Juju isn't handling errors from ec2 provider re firewall rules properly.

Bug #2038494 reported by Thomas Miller
8
This bug affects 1 person
Affects Status Importance Assigned to Milestone
Canonical Juju
Invalid
High
Nicolas Vinuesa

Bug Description

We have had people outside of Juju's control change security group rules to both and a remove rules. When Juju goes to perform an action such as removing a rule that doesn't exist or adding a rule that already exists in the security group we are getting errors from AWS such as not found or already exists.

If the we are doing a security group removal operation and we get a not found error then we should consider this success for the purpose of our state. Vice versa if we are adding a rule and it already exists this shouldn't be an error.

Provided is some Juju output of the problem.

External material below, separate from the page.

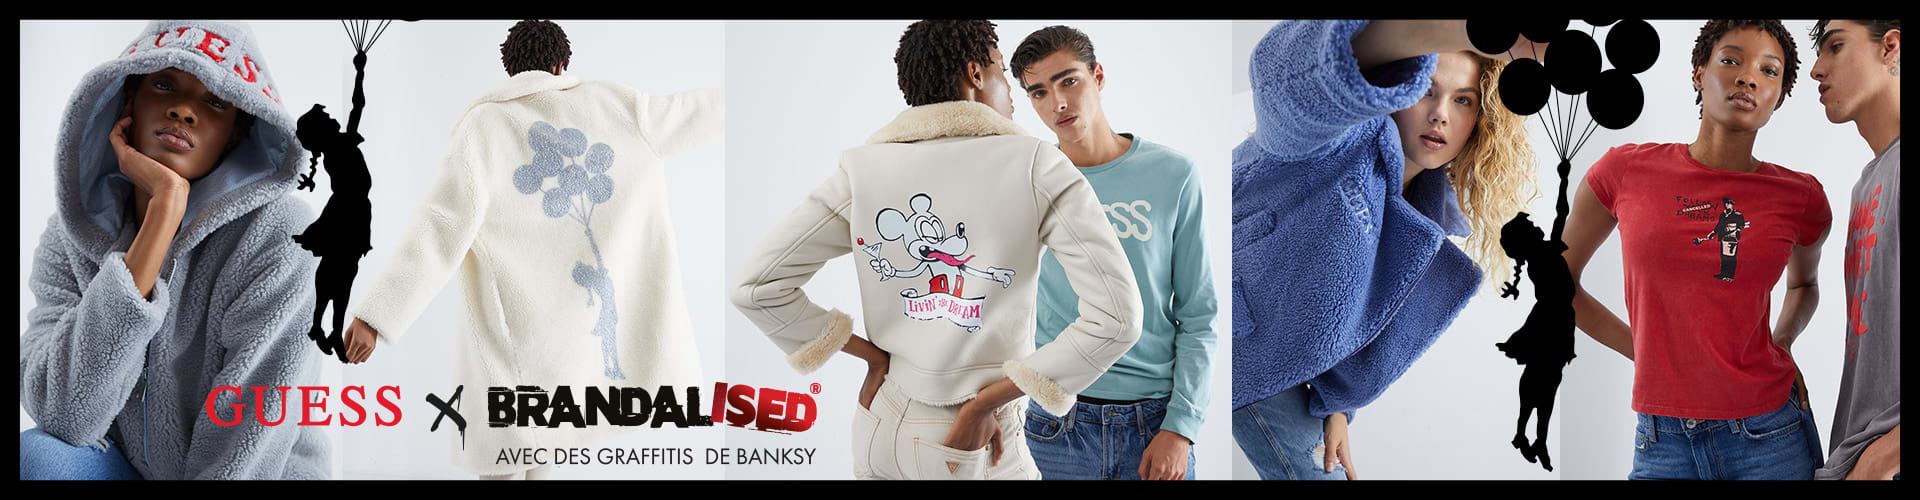 GUESS x BRANDALISED with graffiti by Banksy

"errorCode": "Client.InvalidPermission.Duplicate",
"errorMessage": "the specified rule \"peer: 172.20.0.0/16, TCP, from port: 8082, to port: 8082, ALLOW\" already exists",

2023-09-28 05:50:10 ERROR juju.worker.dependency engine.go:695 "firewaller" manifold worker returned unexpected error: cannot close ports: operation error EC2: RevokeSecurityGroupIngress, https response error StatusCode: 400, RequestID: 7530a36f-99ca-41d9-8967-b13636f0fd0d, api error InvalidPermission.NotFound: The specified rule does not exist in this security group.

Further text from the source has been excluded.